_TRY IT_
Your task is to restate word for word the lines in the material below, from the one with "Free COVID-19 Vaccine Transport" up to and including the one with "Kealfadda bridge west". Do not carry over the pictures.

_DATA RECORDS_
----------

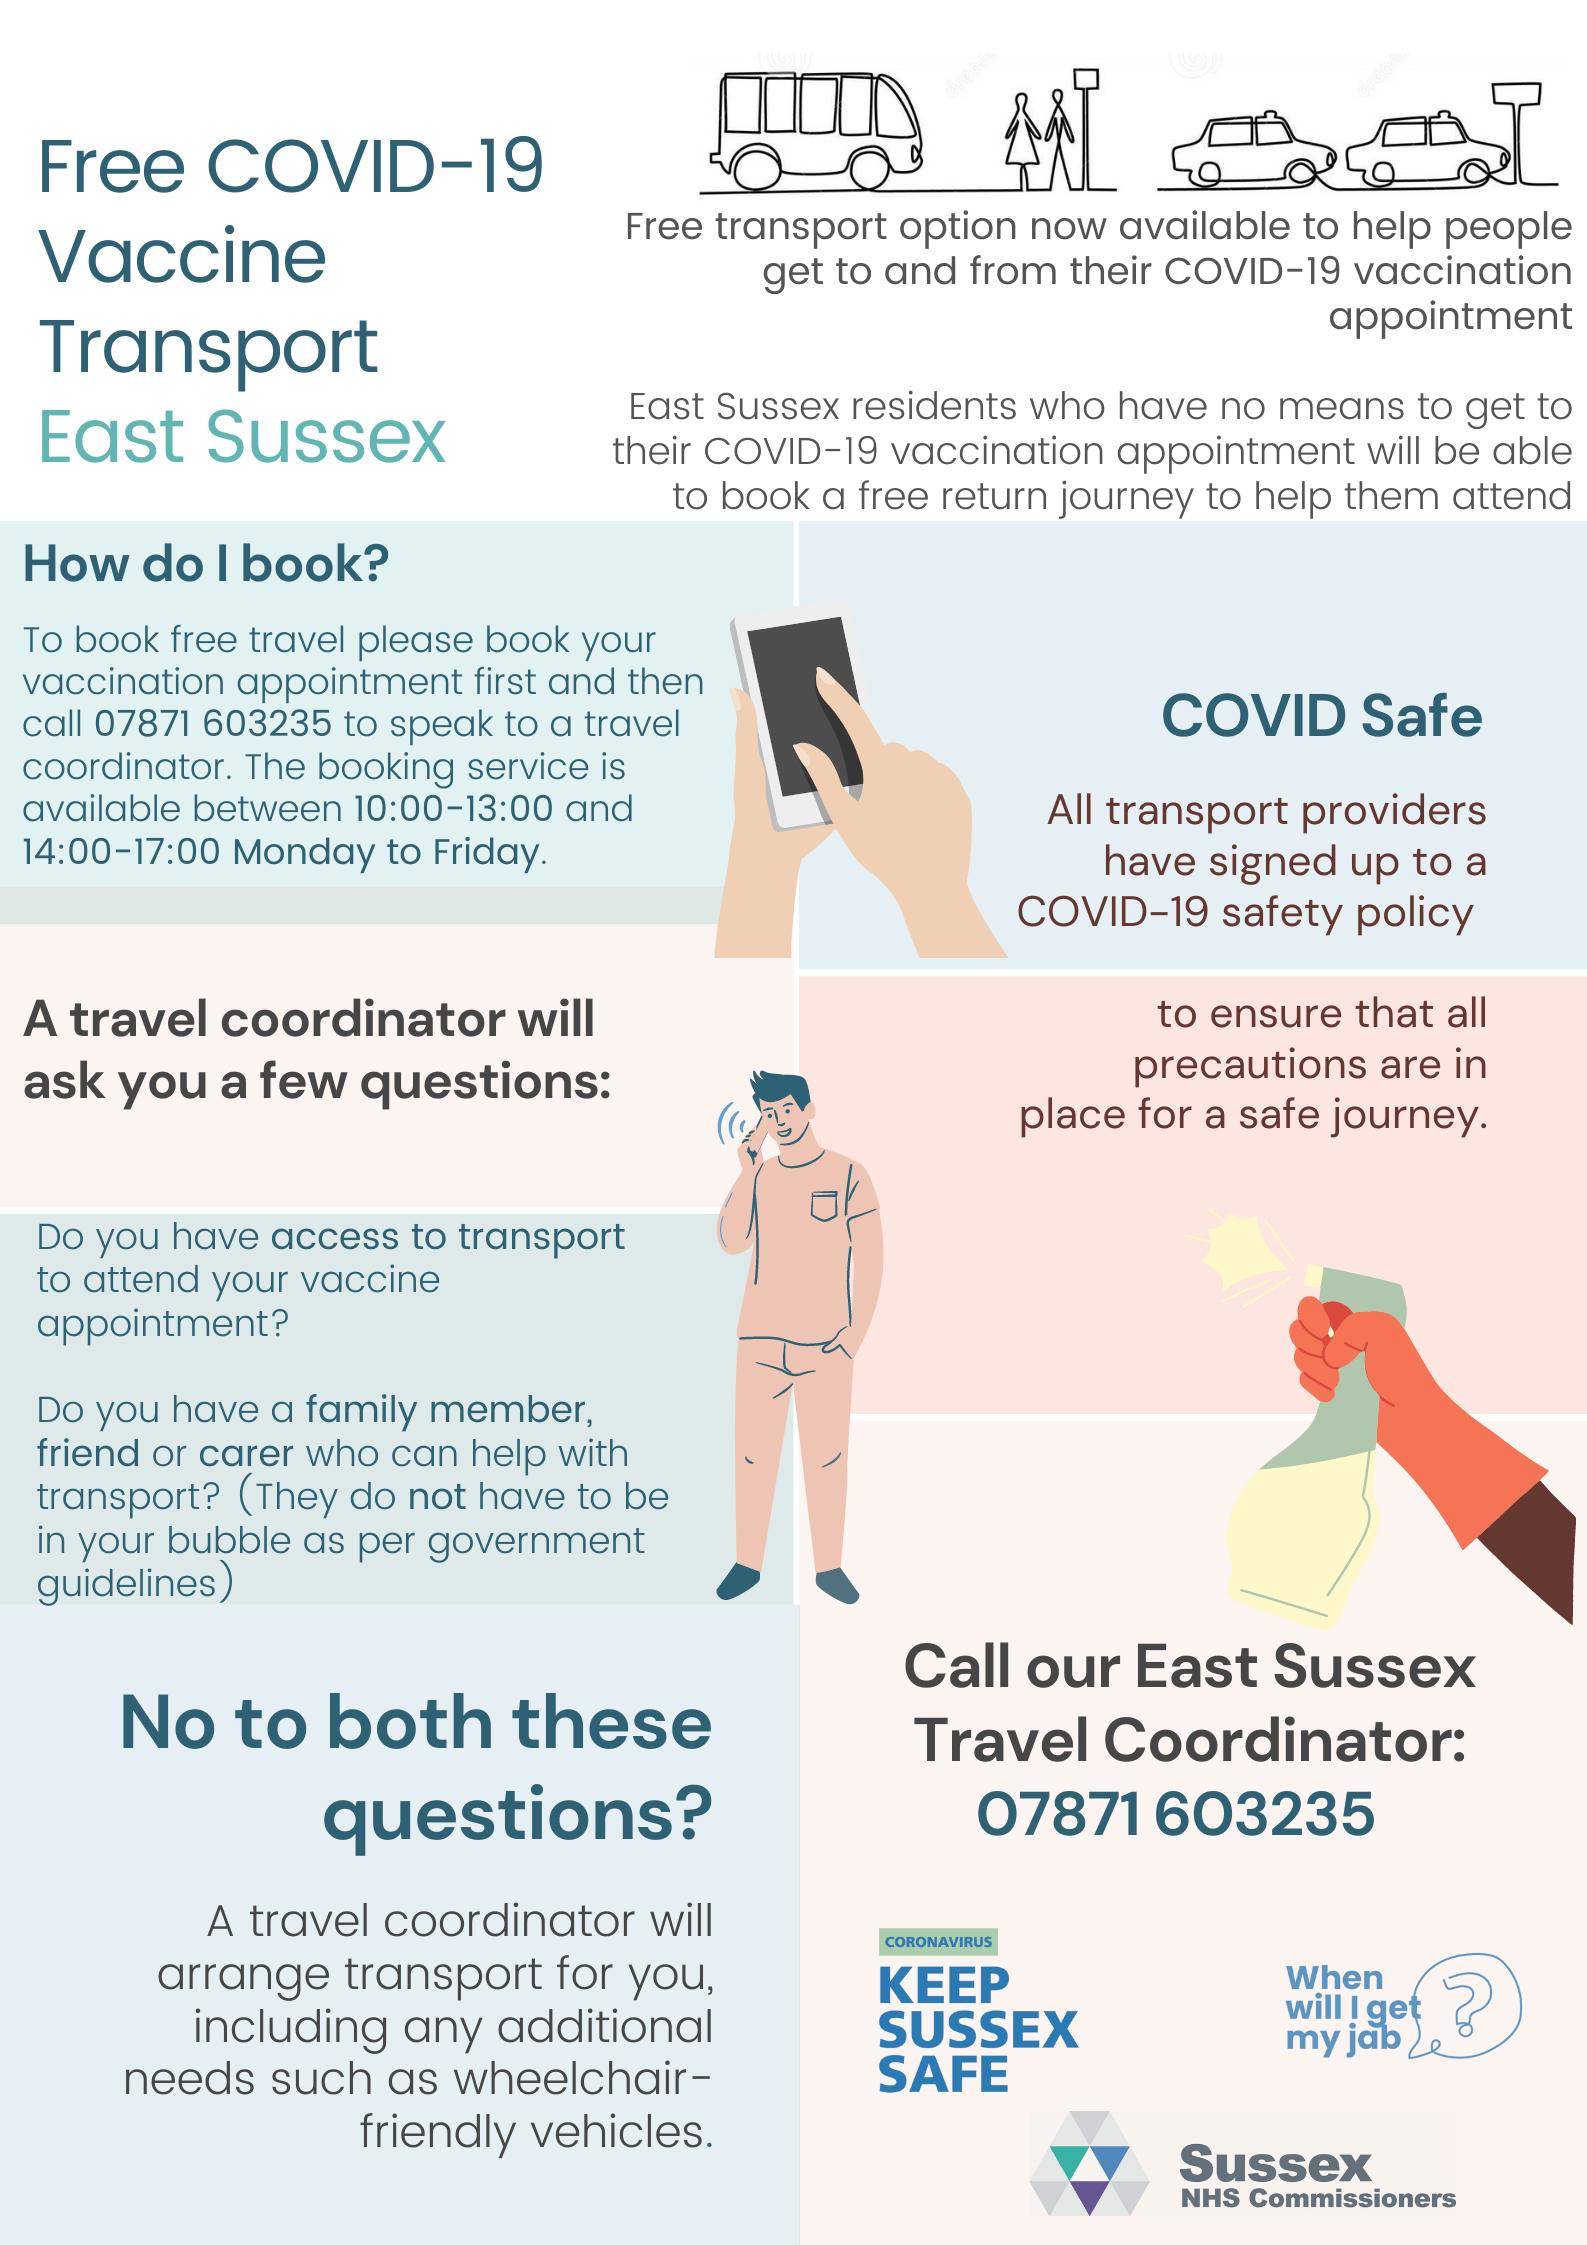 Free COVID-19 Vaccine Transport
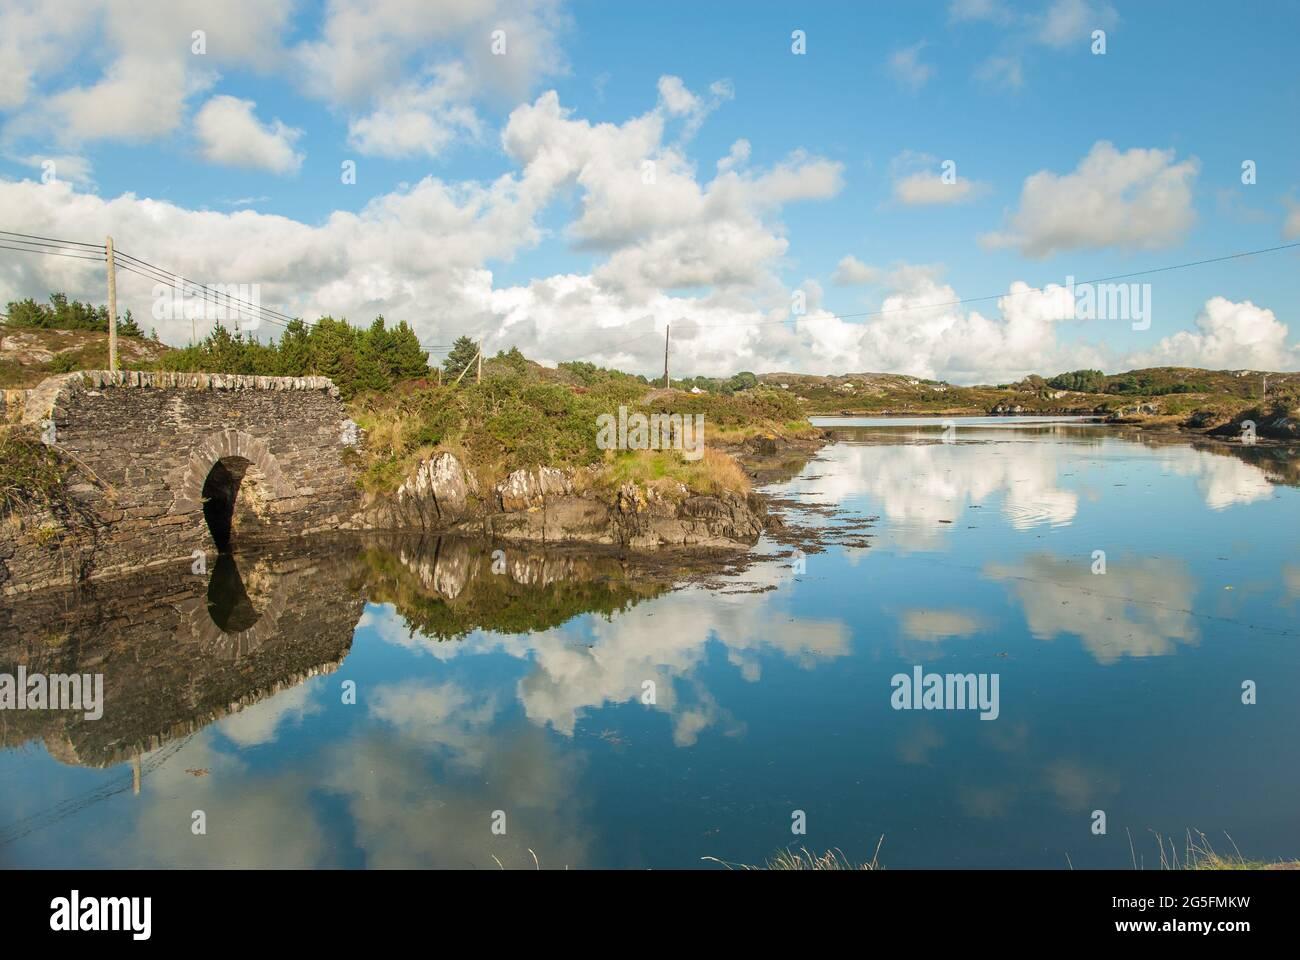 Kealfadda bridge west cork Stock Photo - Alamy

----------

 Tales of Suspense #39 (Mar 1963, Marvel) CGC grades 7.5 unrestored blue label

----------

_RESPONSE BOX_
 Free COVID-19 Vaccine Transport
 Kealfadda bridge west cork Stock Photo - Alamy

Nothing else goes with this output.